It happened to me last Friday. I was just going about my usual day, finishing my classes and stopping in the hallway of an academic building to text my best friend the location of where we could meet before heading off campus to devour some gourmet deep fried fast food when, all of the sudden, it dawned on me that what I was texting was amazing. Well, okay… maybe not amazing. My texting skills aren’t legendary and I wasn’t having an enormous life-altering epiphany or anything like that. But, when I reread my text to ensure that I wasn’t about to send something overflowing with crazy convoluted typos, I realized that what I had just written truly testified to how unique my education experience at Rice is.
I had asked my bestie (yes, my best friend gets to endure horribly embarrassing nicknames, including bestie and, more frequently, bestido) to meet me at the Berlin wall. The Berlin wall.
And it just hit me. I attend an institution that exhibits a portion of the Berlin wall—something so monumental and a piece of history that most people don’t ever have the opportunity to see.
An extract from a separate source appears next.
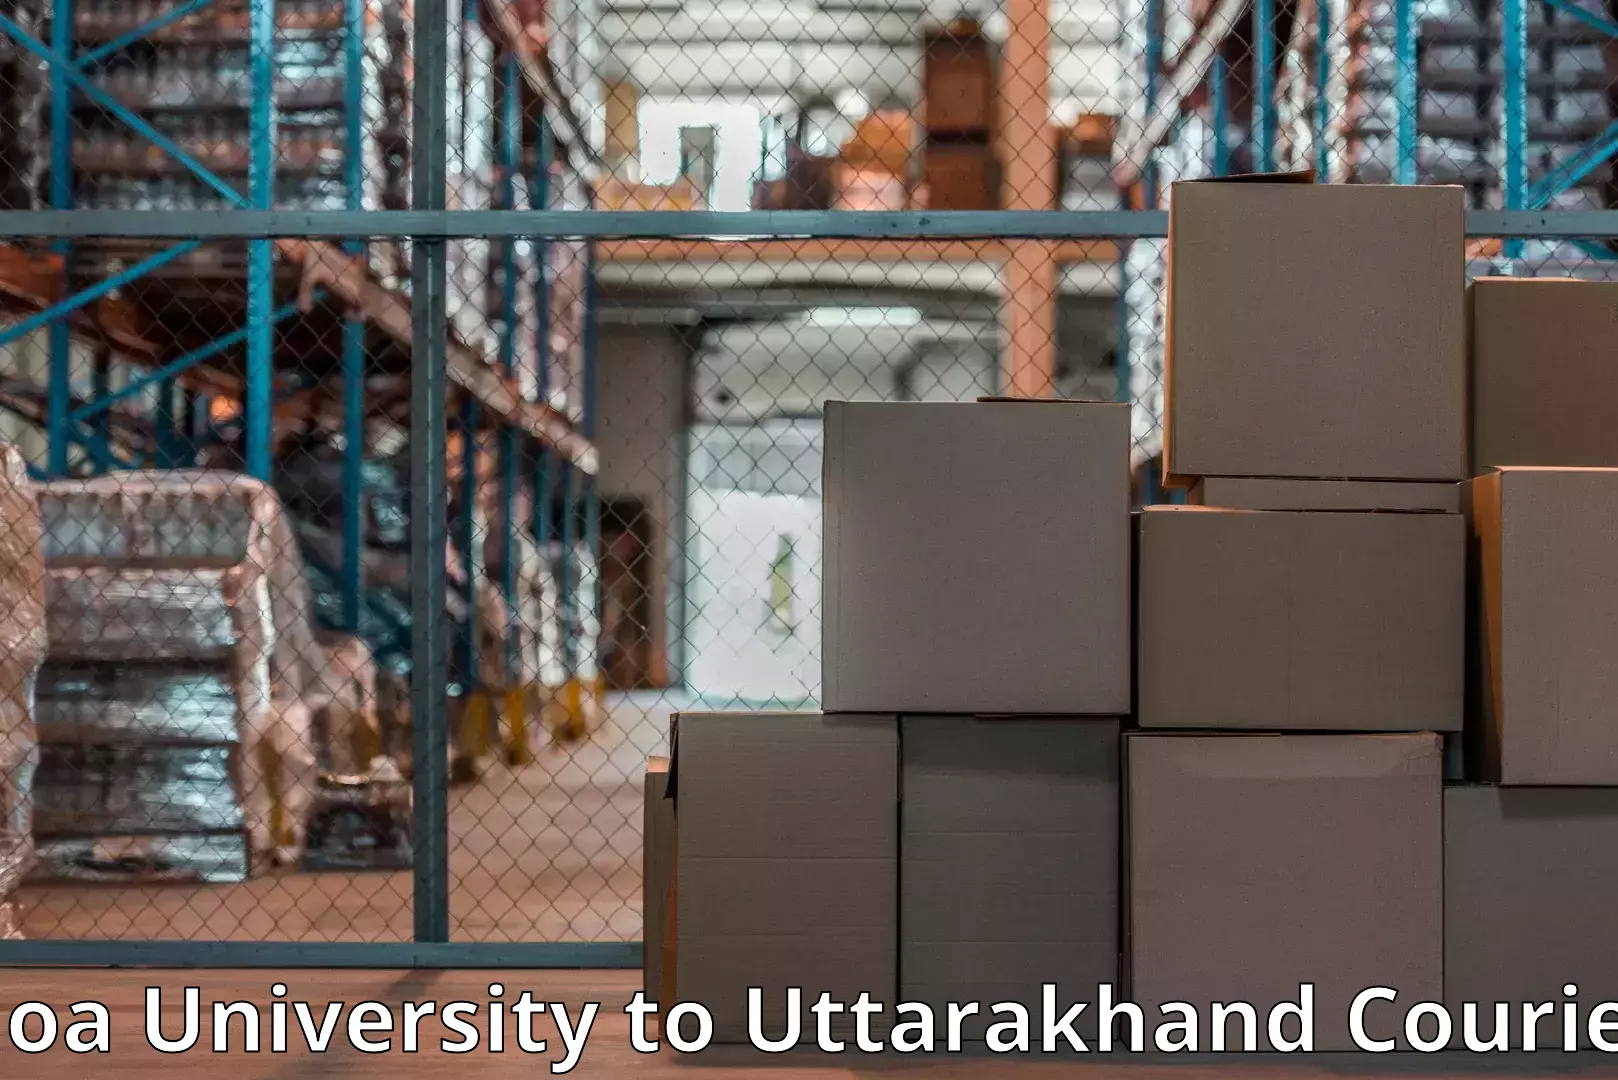 Dependable furniture transport Goa University to Rishikesh

It was not just that though; I had requested my bestie to meet me there like it was nothing special. Like, “oh hey, let’s meet at that one big tree by the Humanities building” or something.
That’s when I had to stop and remind myself what a privilege it is to be here at Rice. Where everything—the architecture, the courses, and even a portion of the Berlin wall—uniformly expand my horizons and push me out of my comfort zone, often without me even realizing it. Rice University has inserted me into such a culturally and academically rich environment that I will never be able to fully leave behind. Even though I am only a sophomore right now, it is beginning to sink in that my time at Rice is halfway over… or like I keep trying to tell myself, that I only have two more years of immense personal growth to achieve. I’ve changed so much during my time thus far at Rice (experimenting with different majors, joining so many different organizations, scoring unique research and fellowship opportunities) and I cannot wait to see how I am at my graduation ceremony in 2014.